→ EXERCISE BRIEF
Give the lines below again exactly, starting with the line that holds "Gucci gg Supreme" and going on through the line that holds "Kanadische Rockies Landschaft".

→ DATASET EXCERPTS
============================================================

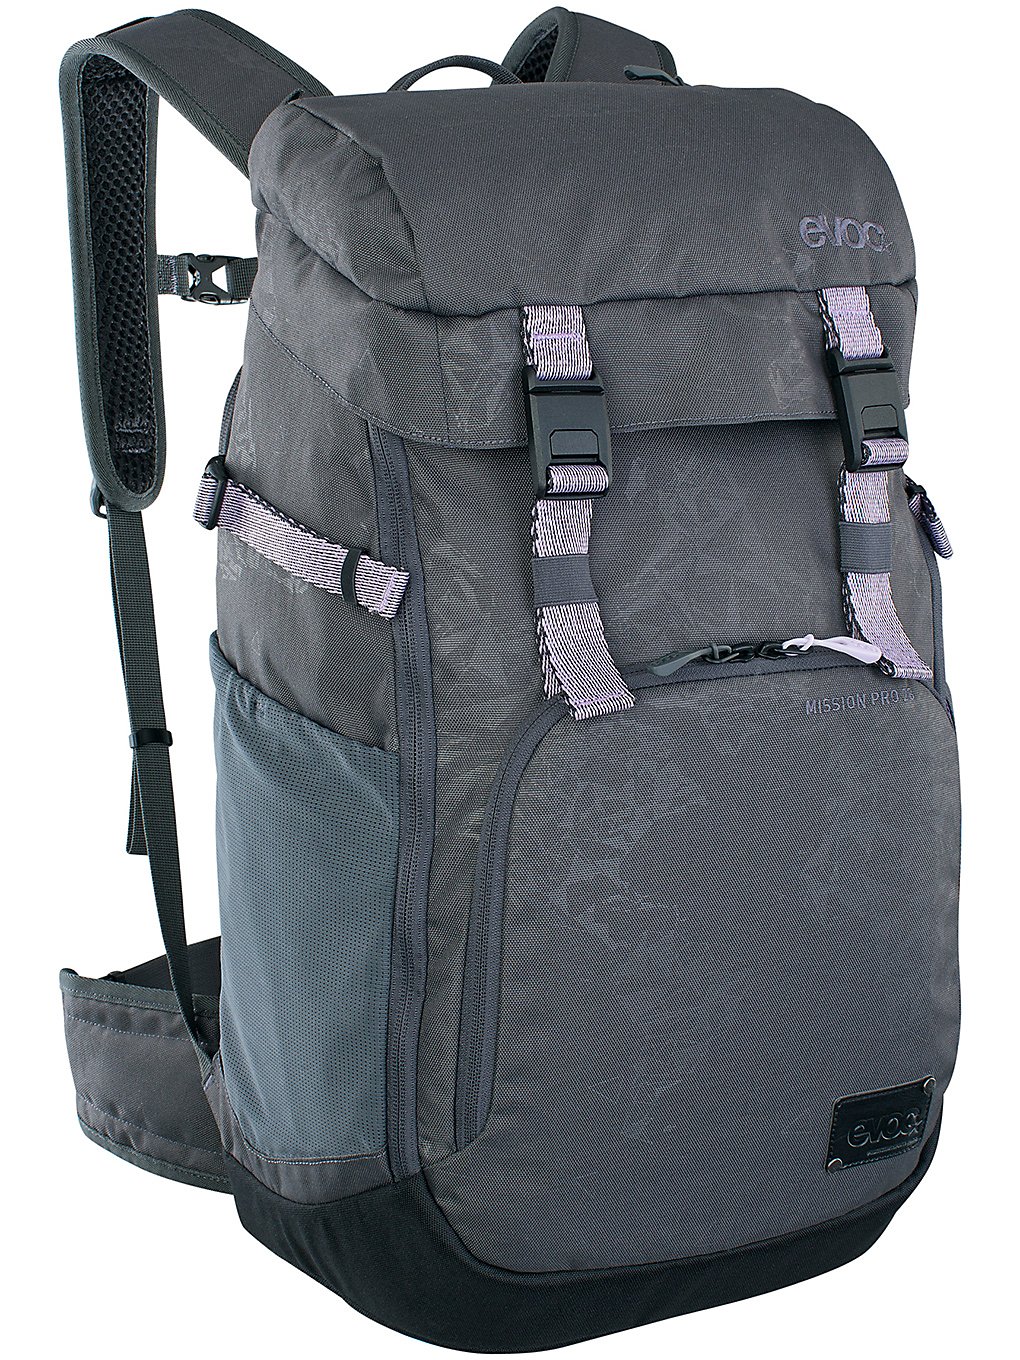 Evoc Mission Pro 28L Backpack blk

============================================================

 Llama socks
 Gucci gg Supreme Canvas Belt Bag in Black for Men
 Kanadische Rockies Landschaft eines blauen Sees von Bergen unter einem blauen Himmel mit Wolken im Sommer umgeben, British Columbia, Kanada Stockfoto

============================================================

→ EXERCISE SOLUTION
 Gucci gg Supreme Canvas Belt Bag in Black for Men
 Kanadische Rockies Landschaft eines blauen Sees von Bergen unter einem blauen Himmel mit Wolken im Sommer umgeben, British Columbia, Kanada Stockfoto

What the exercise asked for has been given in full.